Exercise prompt
Return, with both end lines included, exactly what the data below holds from the line with "Madd Gear Retro" through the line with "The Joker, Suicide Squad, PU statue", though not the pictures.

Supplied entries

+ + + + + + +

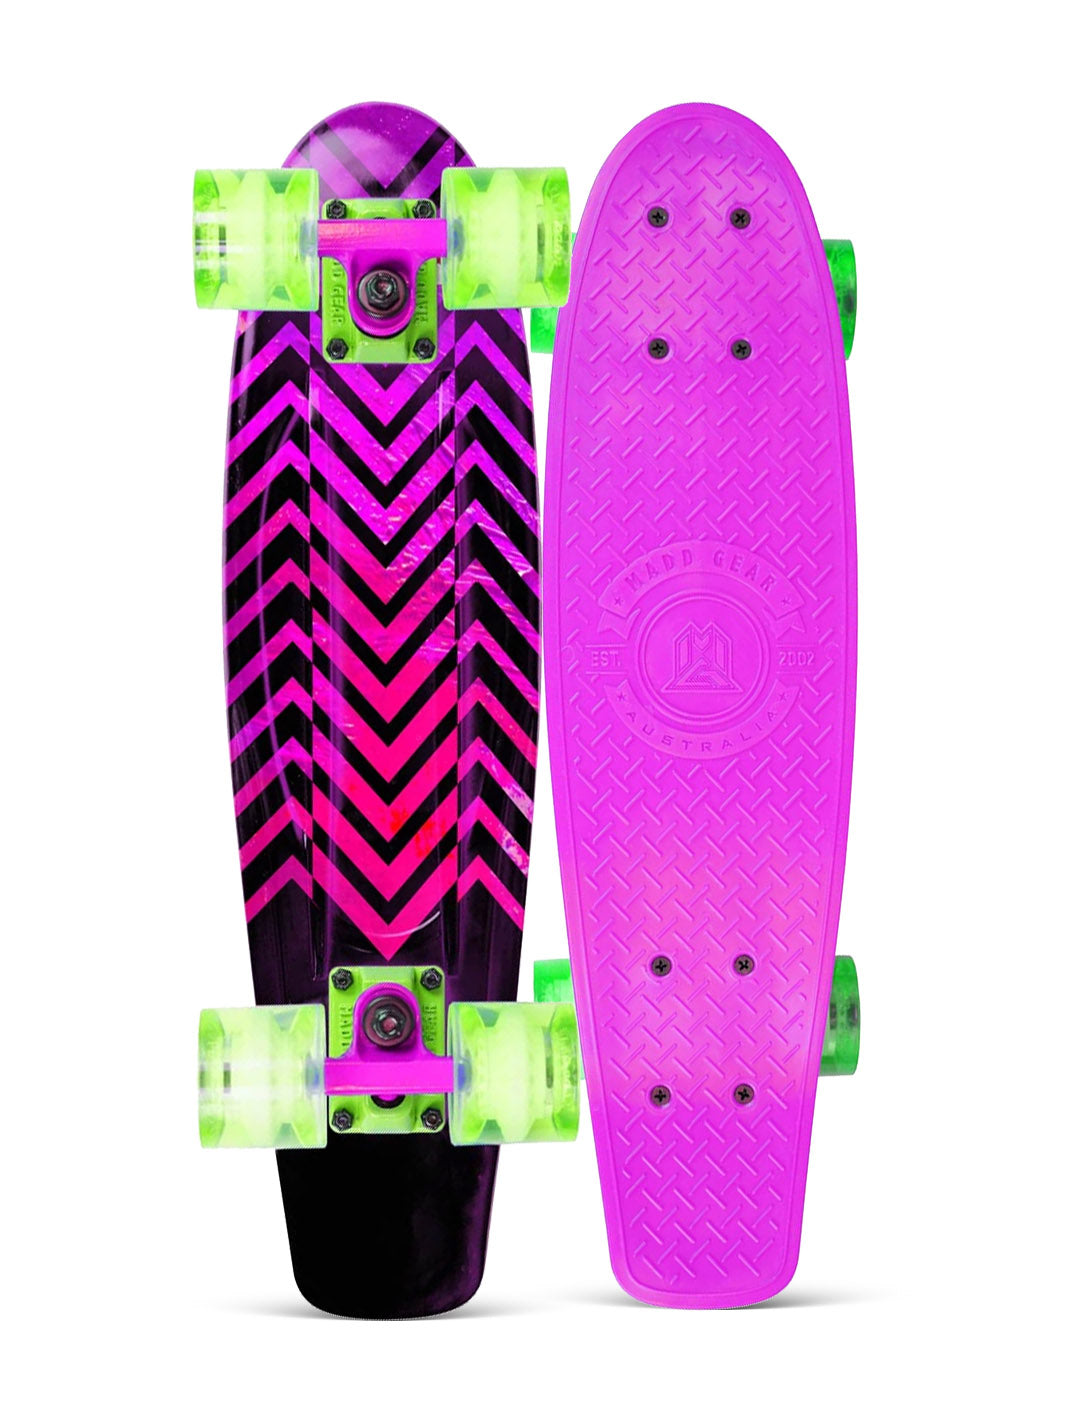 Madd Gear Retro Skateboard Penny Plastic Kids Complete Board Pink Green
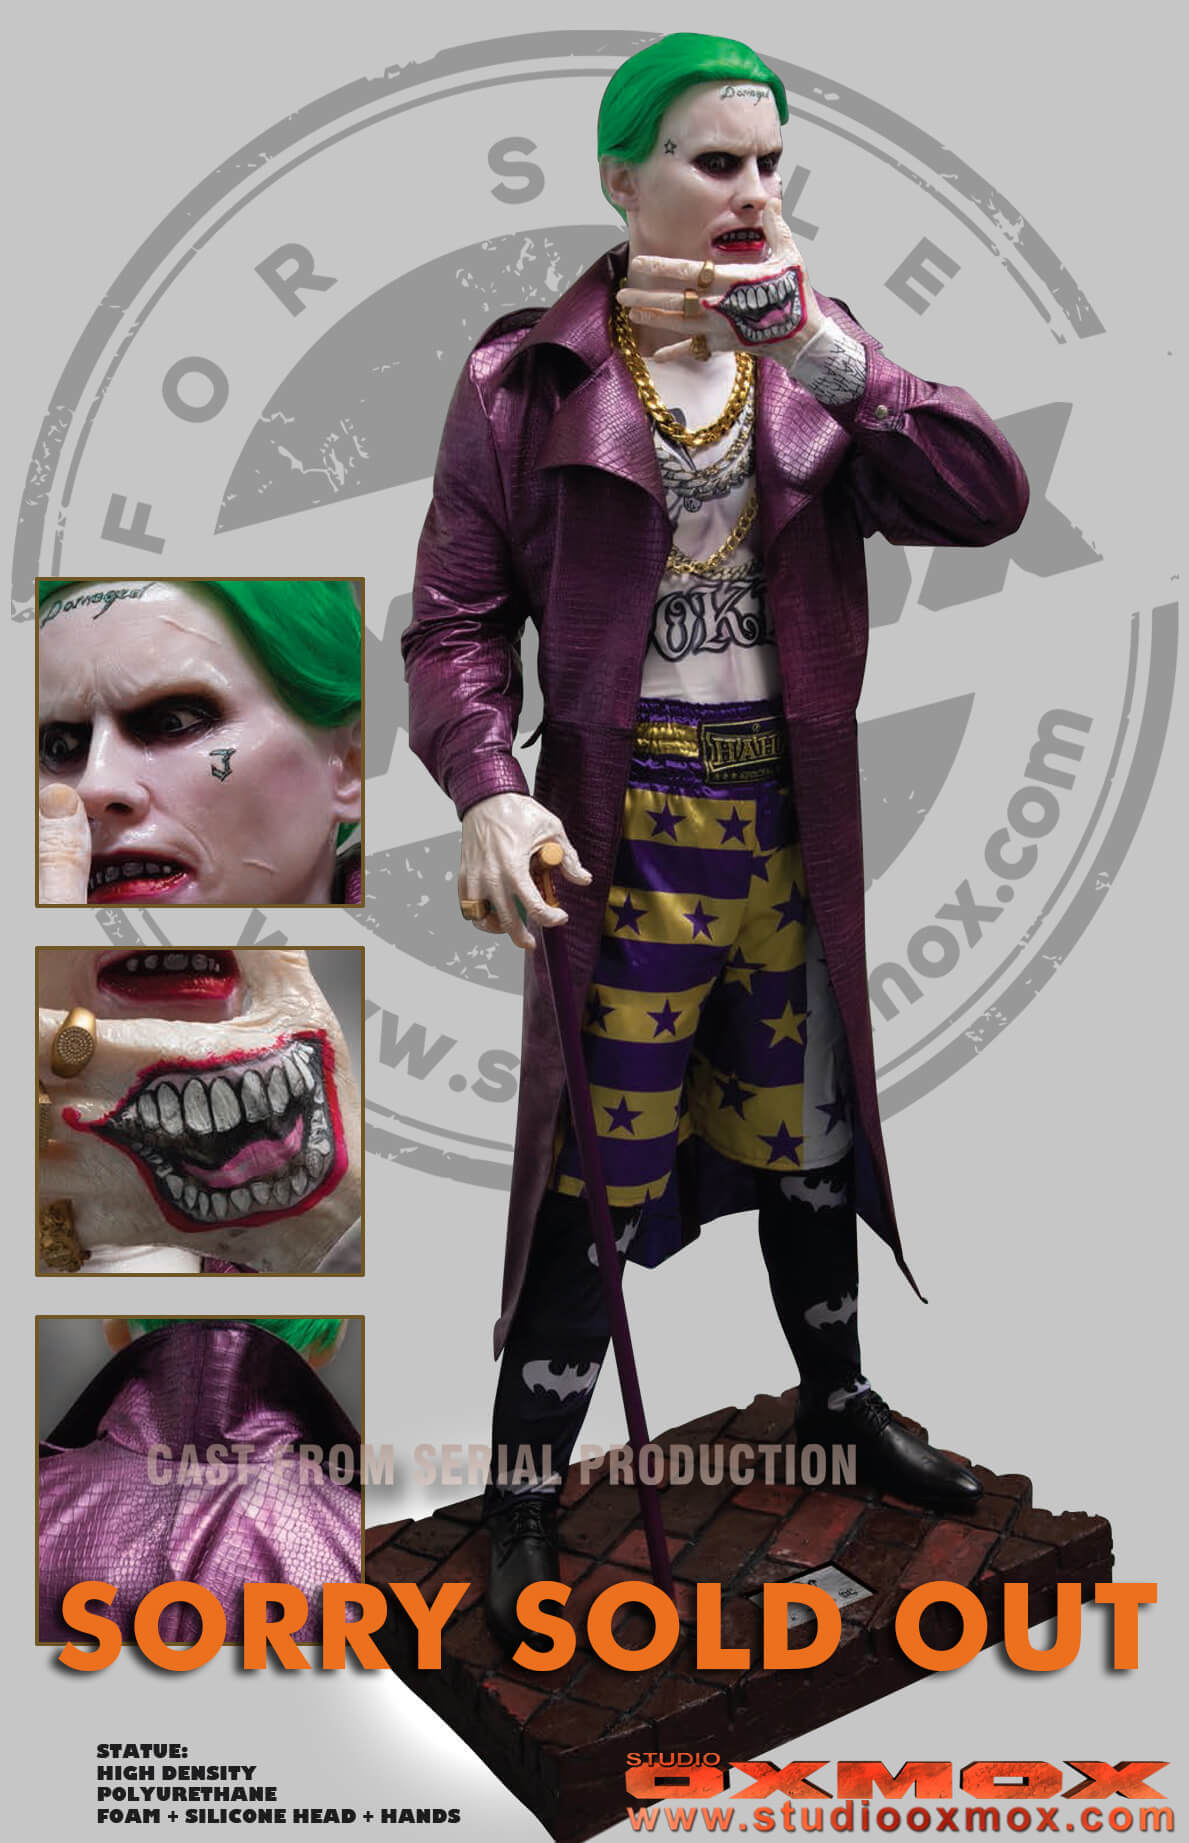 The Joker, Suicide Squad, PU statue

+ + + + + + +

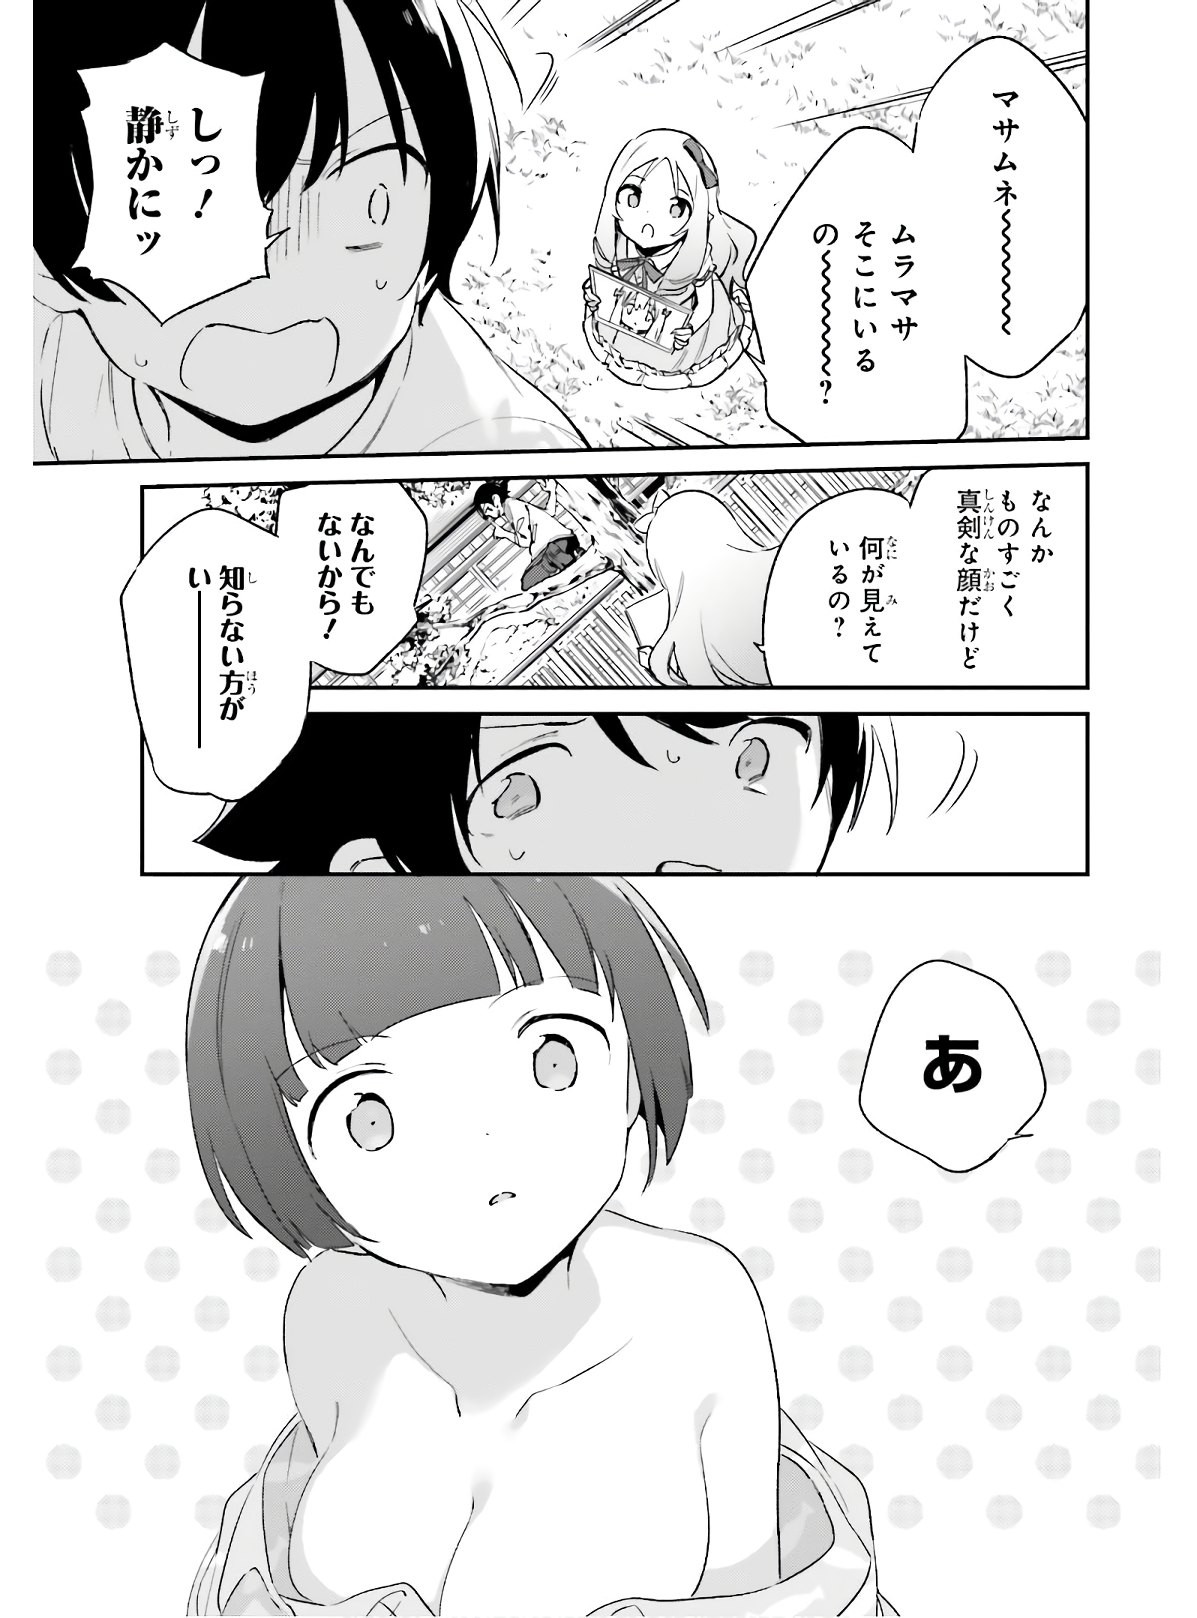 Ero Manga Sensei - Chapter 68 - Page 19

+ + + + + + +

Answer to the exercise
 Madd Gear Retro Skateboard Penny Plastic Kids Complete Board Pink Green
 The Joker, Suicide Squad, PU statue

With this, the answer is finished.